## WHAT YOU NEED TO DO
With pictures omitted, restate the data word for word.

## INPUT DATA
·····

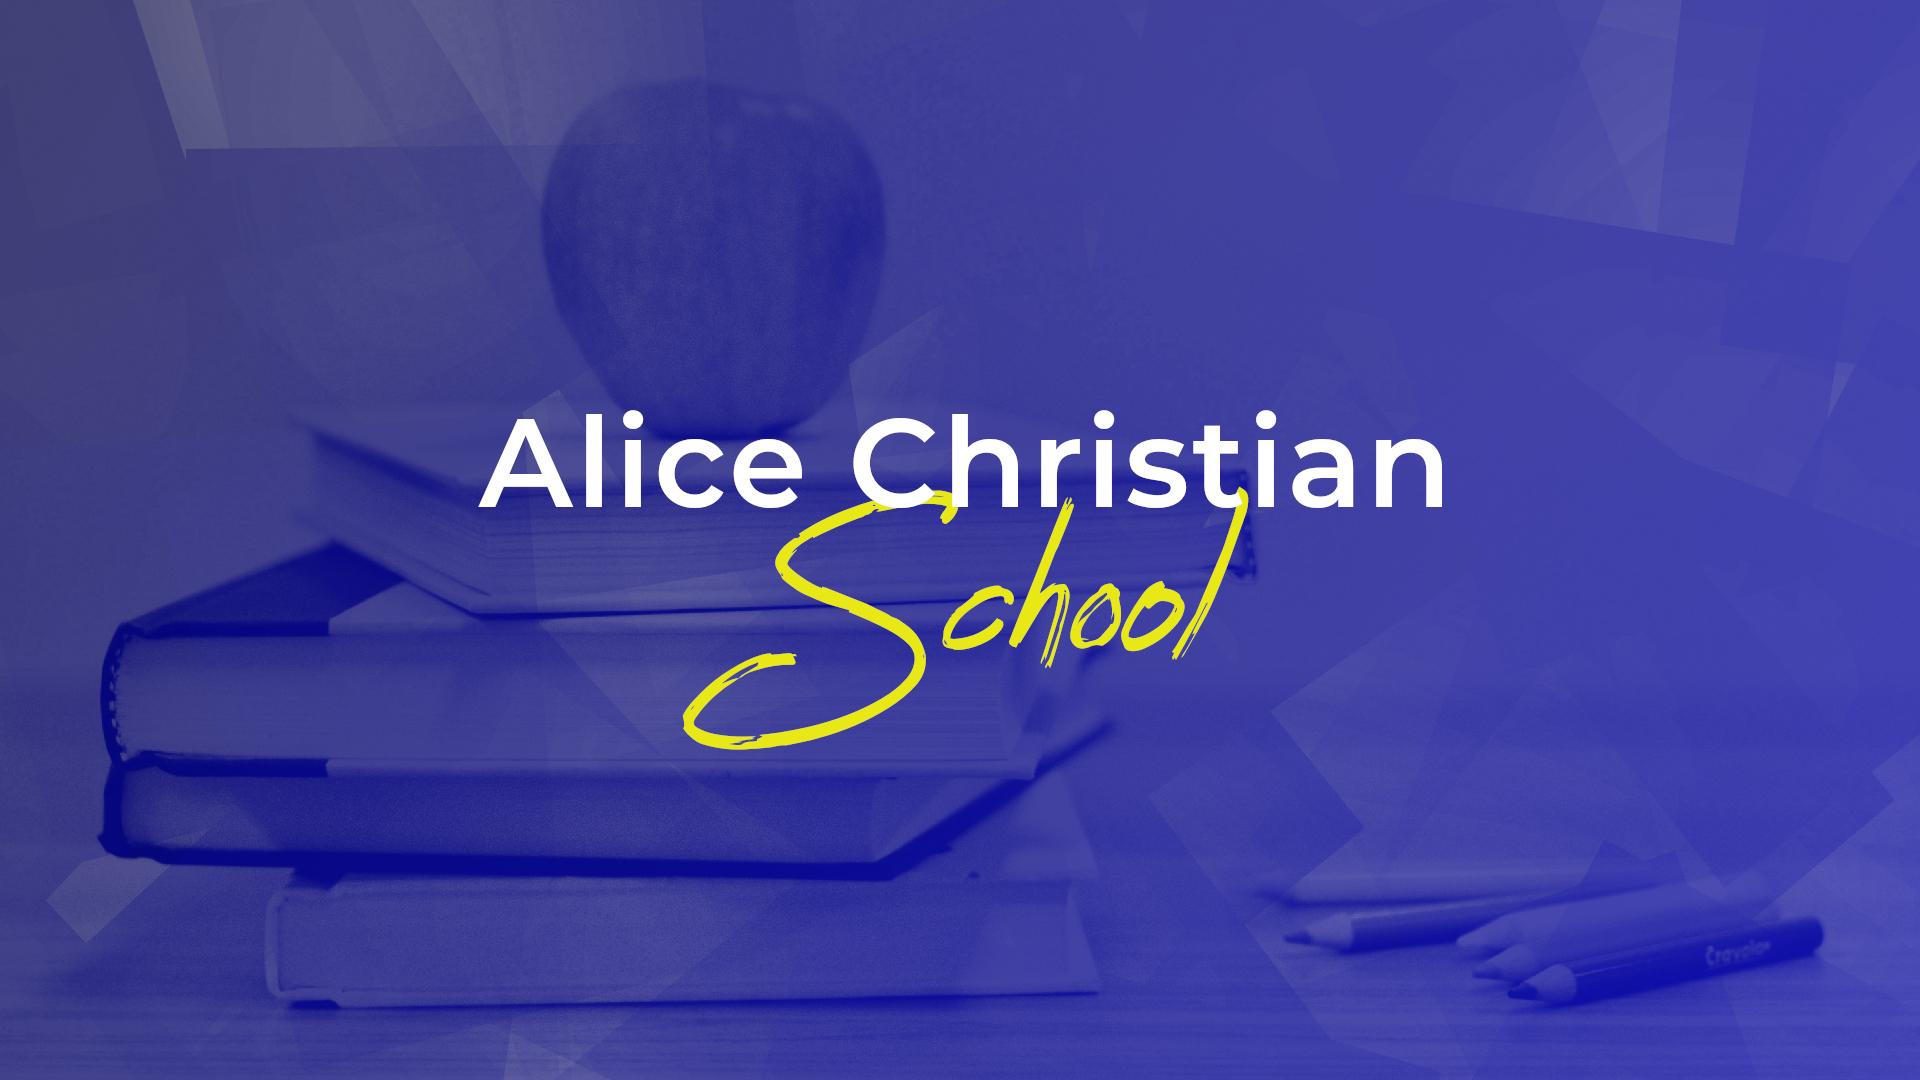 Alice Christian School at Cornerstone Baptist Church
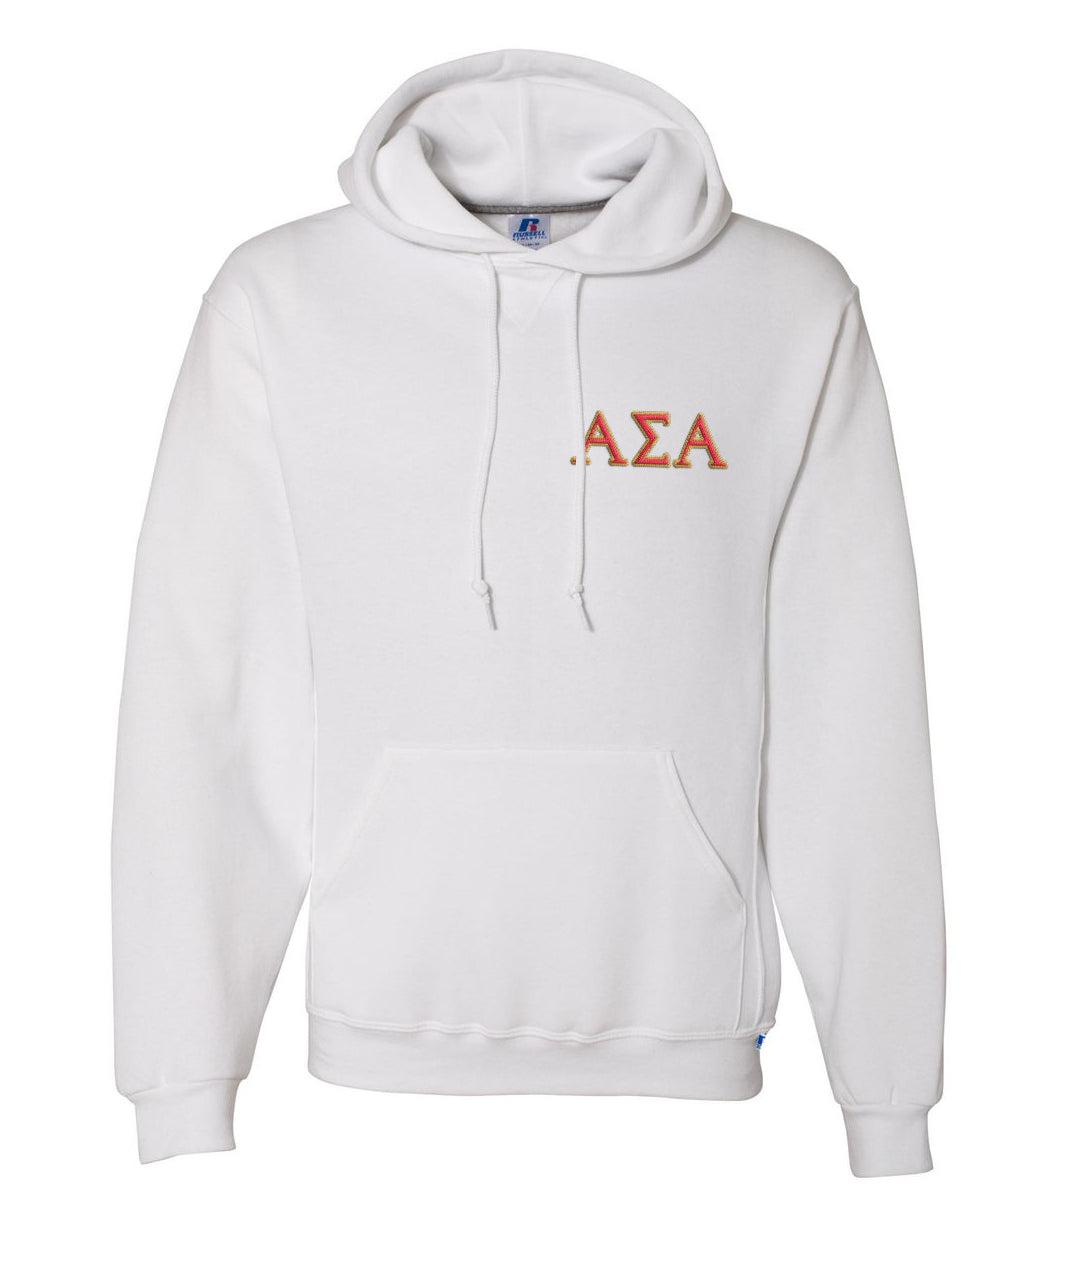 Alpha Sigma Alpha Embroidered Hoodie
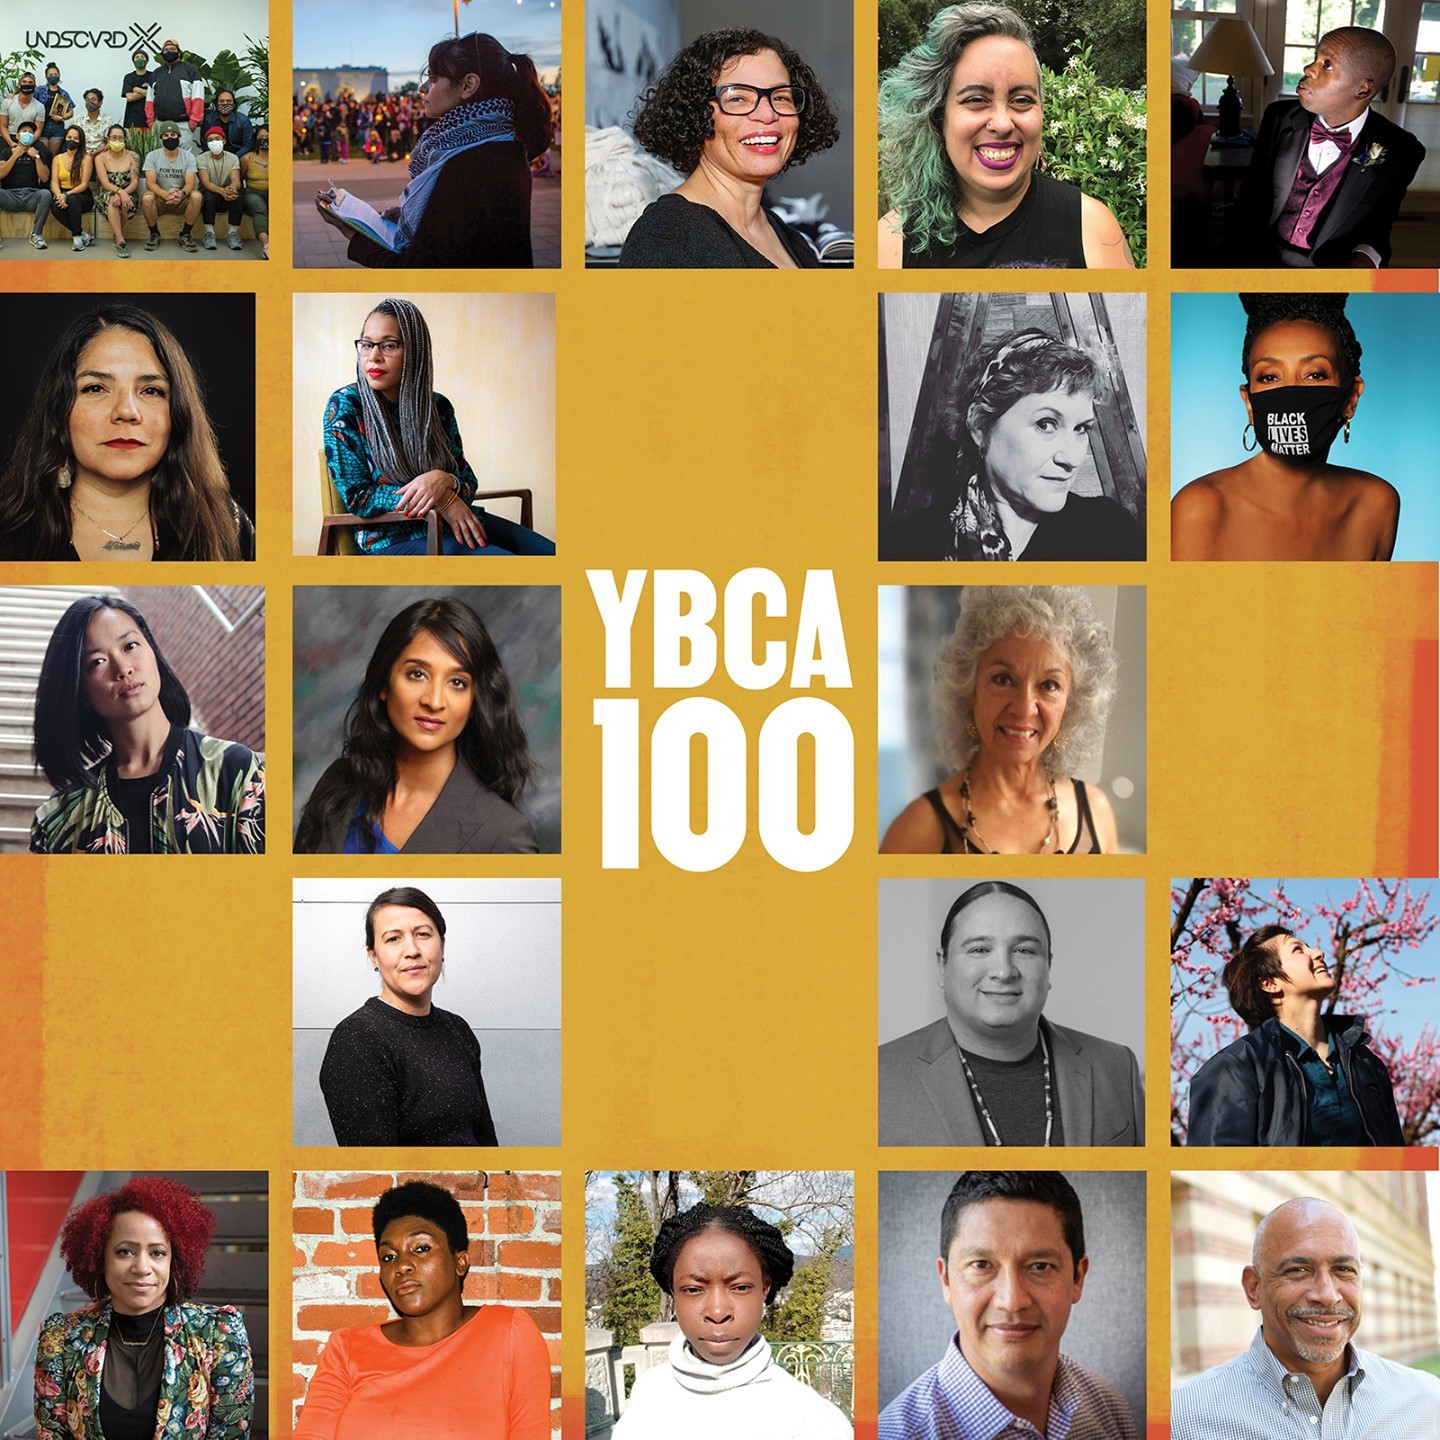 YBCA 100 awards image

·····

## RESULT FOR THIS TASK
 Alice Christian School at Cornerstone Baptist Church
 Alpha Sigma Alpha Embroidered Hoodie
 YBCA 100 awards image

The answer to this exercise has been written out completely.